Does the Resurrection Matter?

[This sermon was shared with the people of Saint Matthew Lutheran Church, Logan, Ohio, during worship on November 11. 2007.]

Luke 20:27-38
Do we believe in the resurrection of the dead?

And if we do, what difference does it make in how we live our lives each day?

The Sadducees who confront Jesus in our Gospel lesson today were a small but influential group within first-century Judea. Unlike Jesus and the rest of their fellow Jews, the Sadducees believed that only the first five books of the Bible constituted the Word of God. These five books--Genesis, Exodus, Levitcus, Numbers, and Deuteronomy--are what the scholars call, the Pentateuch and are also referred to as, the books of Moses. The resurrection of the dead isn’t specifically mentioned in those five books. And so the Sadducees rejected the whole idea of a resurrection of the dead.

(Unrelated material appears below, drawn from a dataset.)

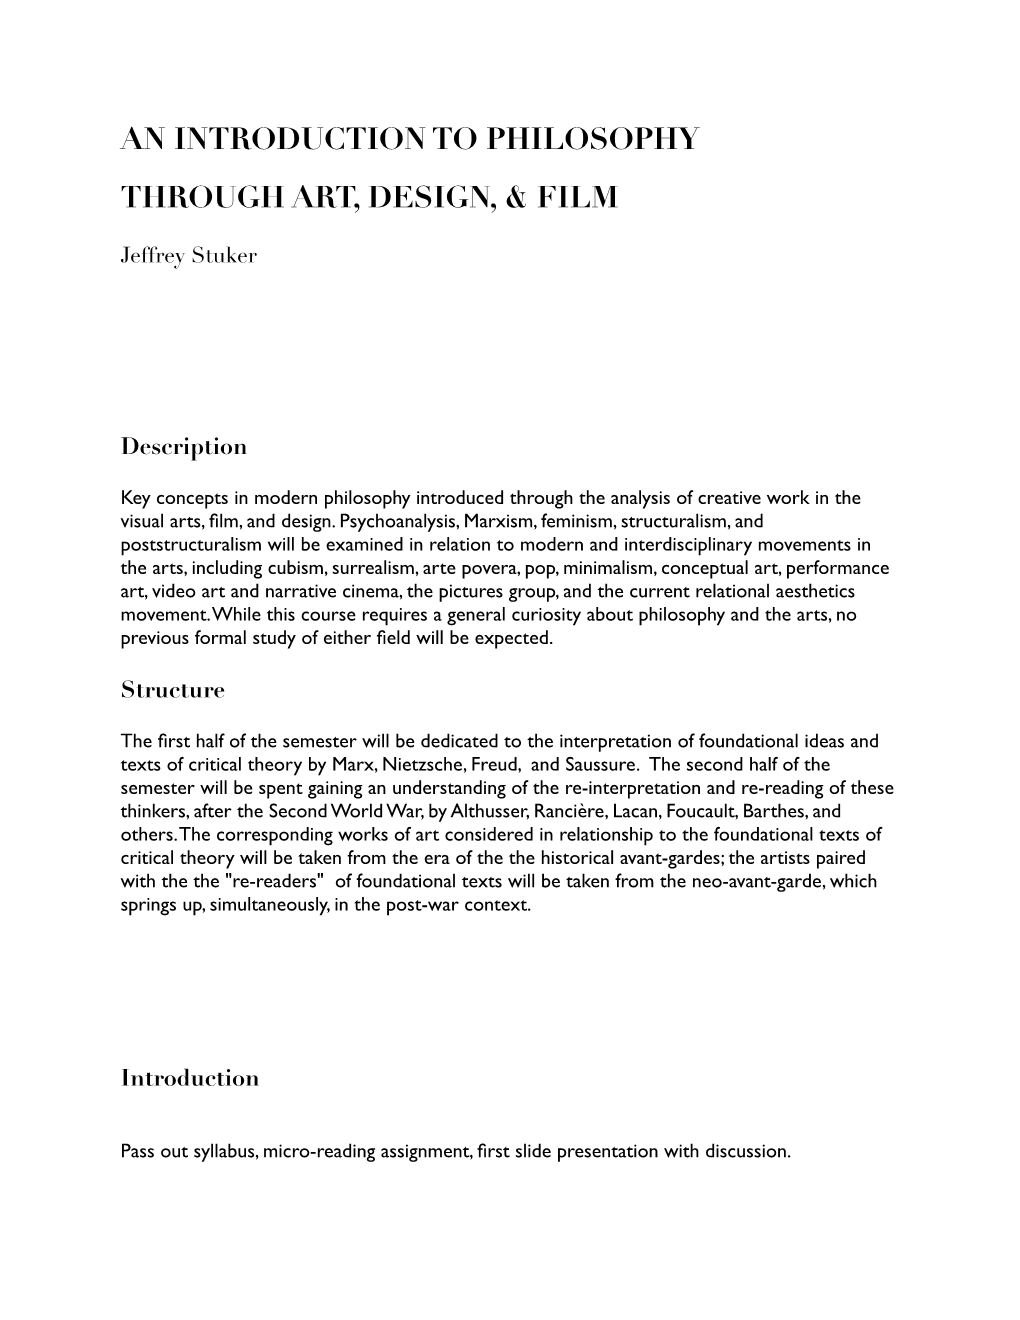 Introduction to Philosophy Through Art, Design, and Film

In doing so, they were rejecting what many passages in the other thirty-four books of the Old Testament teach about the resurrection of those who believe in the God that you and I have met in Jesus Christ, including those of Job in today’s Old Testament lesson. In spite of Job’s anger with God for letting a profusion of tragedies come his way and anger with friends who claimed that all of his misfortunes were Job’s fault, Job trusted God and said, “...I know that my Redeemer lives and...at the last he will stand upon the earth; and after my skin has been thus destroyed, then in my flesh I shall see God...”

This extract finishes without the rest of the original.